The Grand Central Market is a historic public market in downtown Los Angeles, California. It has been in continuous operation since its opening in 1917, housed within the Homer Laughlin Building. The market features dozens of food vendors and serves as both a cultural and culinary hub which sees 2 million visitors annually.

==History==
The Grand Central Market opened in October 1917, taking up the entire ground floor of the Homer Laughlin Building. It was promoted at that time as “the largest and finest public market on the Pacific Coast.” The market replaced the previous tenant, the Ville de Paris department store, which vacated in 1917. At the time, it primarily served wealthier patrons who took the Angels Flight Railway from Bunker Hill. The "Wonder Market" as it was then called, "featured everything from fish, oysters and meat to the finest produce from farmers across the Southland. Shoppers could also find stalls with eggs and butter, bakeries, delicatessens, candy shops, florists, specialty goods and lunch counters." By 1926, the market's 120 stalls received around forty thousand customers daily, served by shopkeepers of various nationalities.

As the demographics of the surrounding area shifted in the latter half of the 20th century, the market saw a drastic change in its customer base and vendors. The market began to sell more low-cost groceries after the economic decline of post-WWII downtown and the opening of new supermarkets and farmers markets in L.A. caused it to take on a smaller footprint of 52 stalls by 1968. In 1978, the L.A. Times estimated that around half of the 180,000 weekly shoppers at the market were of Latino descent. In 1985, it was estimated that food stamp purchases made up 20 percent of sales at the market.

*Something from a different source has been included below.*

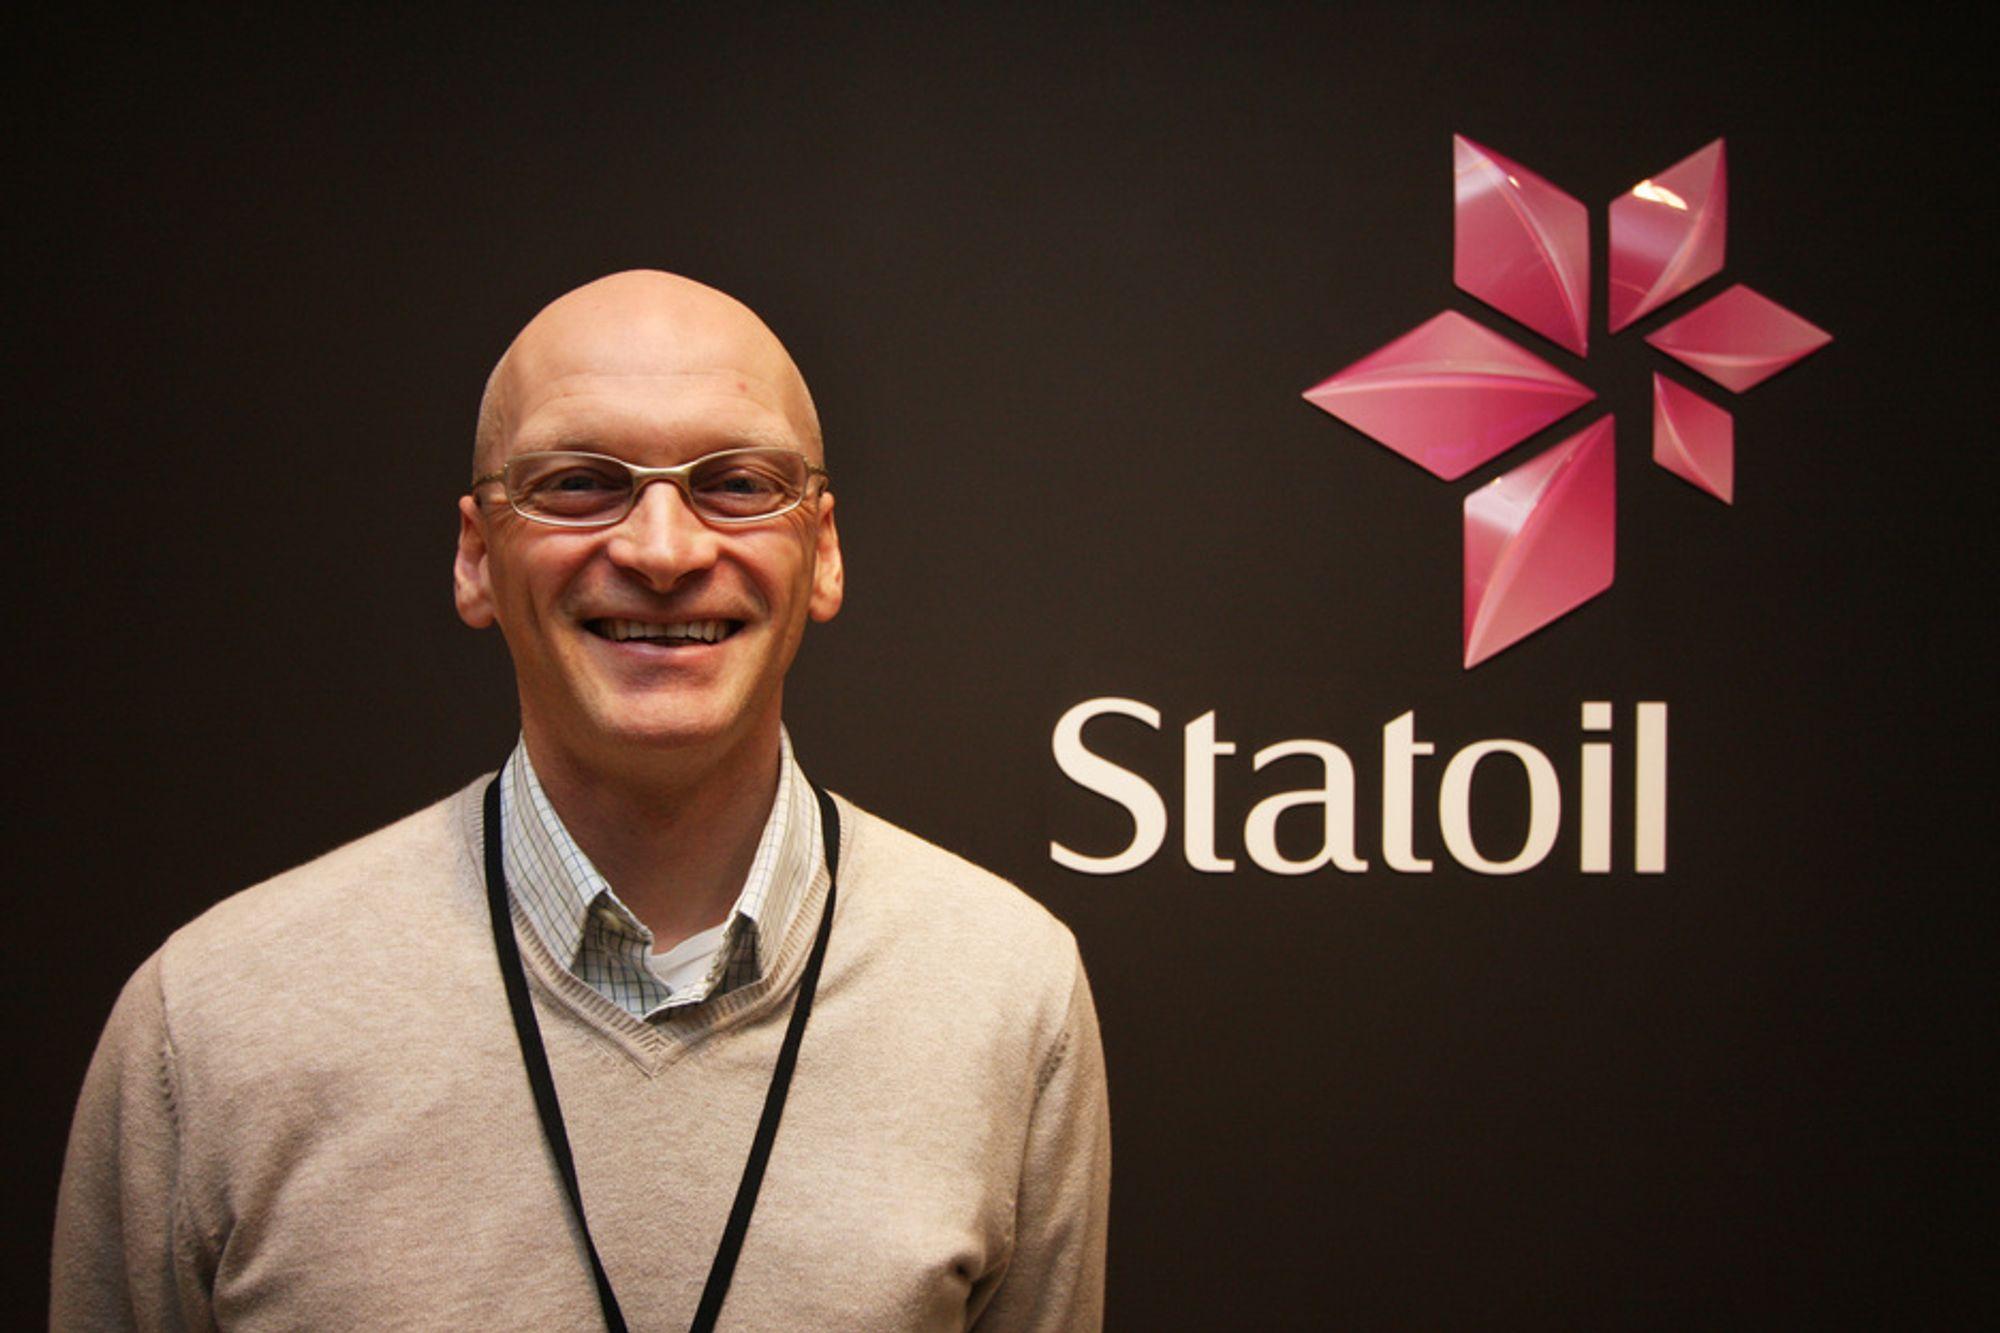 IKKE ROSA: Markedsdirektør Kjetil Undhjem mener Statoils nye magentafargede logo ikke er feminin på svart bakgrunn.
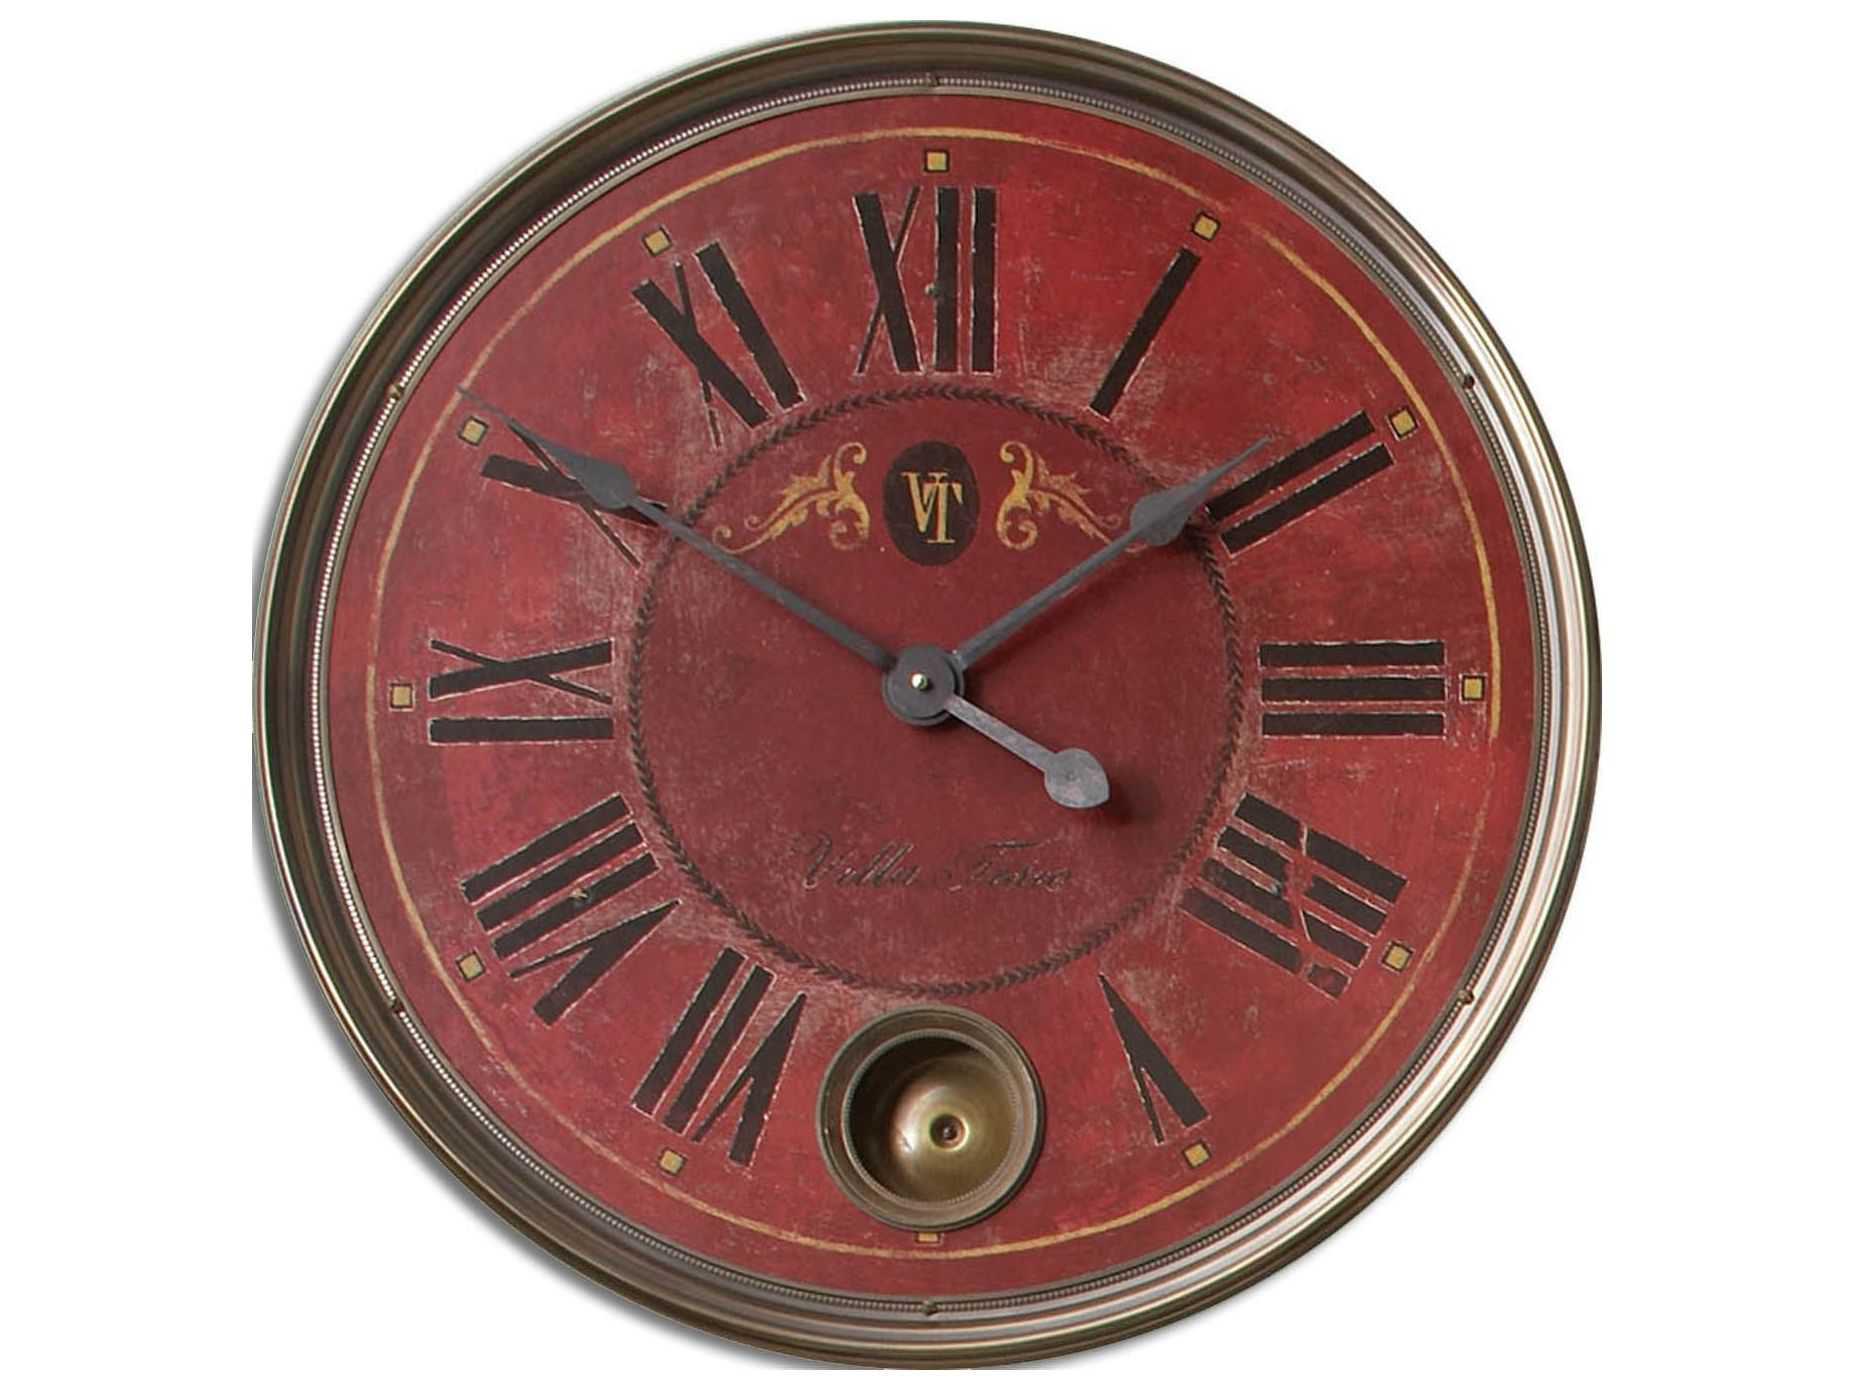 Uttermost Regency Villa Tesio 23 Inch Red Wall Clock Ut06037

The market was bought by Beverly Hills attorney Ira Yellin in 1985 who led restoration and preservation efforts of the market. Restoration projects included removing mid-century additions (such as a tile façade covering the second story windows), restoring original Beaux Arts architectural details, installing vintage and new neon signs, and generally reviving the space. After the Great Recession the market began to struggle, seeing vacancy rates as high as 45%. Beginning around 2012, under the leadership of Yellin's widow, Adele, the market saw renewed investment and a push to combine legacy vendors with trendier food-concept stalls. This included bringing in eateries like EggSlut, Sticky Rice, Wexler’s Deli, and others.

In 2017, the market was sold to Langdon Street Capital, headed by Adam Daneshgar, for an undisclosed sum. The new ownership pledged to make maintenance and “surgical” improvements while preserving the market’s character.

==Appearances in TV and film==
As a historic and cultural site of downtown Los Angeles, the market has made several appearances in film. It was the site of a lengthy chase and shootout in the comedy/action flick Busting (1974). Bail bondsman Eddie Moscone (Joe Pantoliano) convinces bounty hunter Jack Walsh (Robert De Niro) to track down accountant/embezzler Jonathan Mardukas (Charles Grodin) over breakfast there at the beginning of Midnight Run (1988). Gy. Sgt. James Dunn (Keenen Ivory Wayans) takes refuge in the emporium at the end of the thriller Most Wanted (1997). Seth (Nicolas Cage) and Dr. Maggie Rice (Meg Ryan) shop for produce there in the drama City of Angels (1998).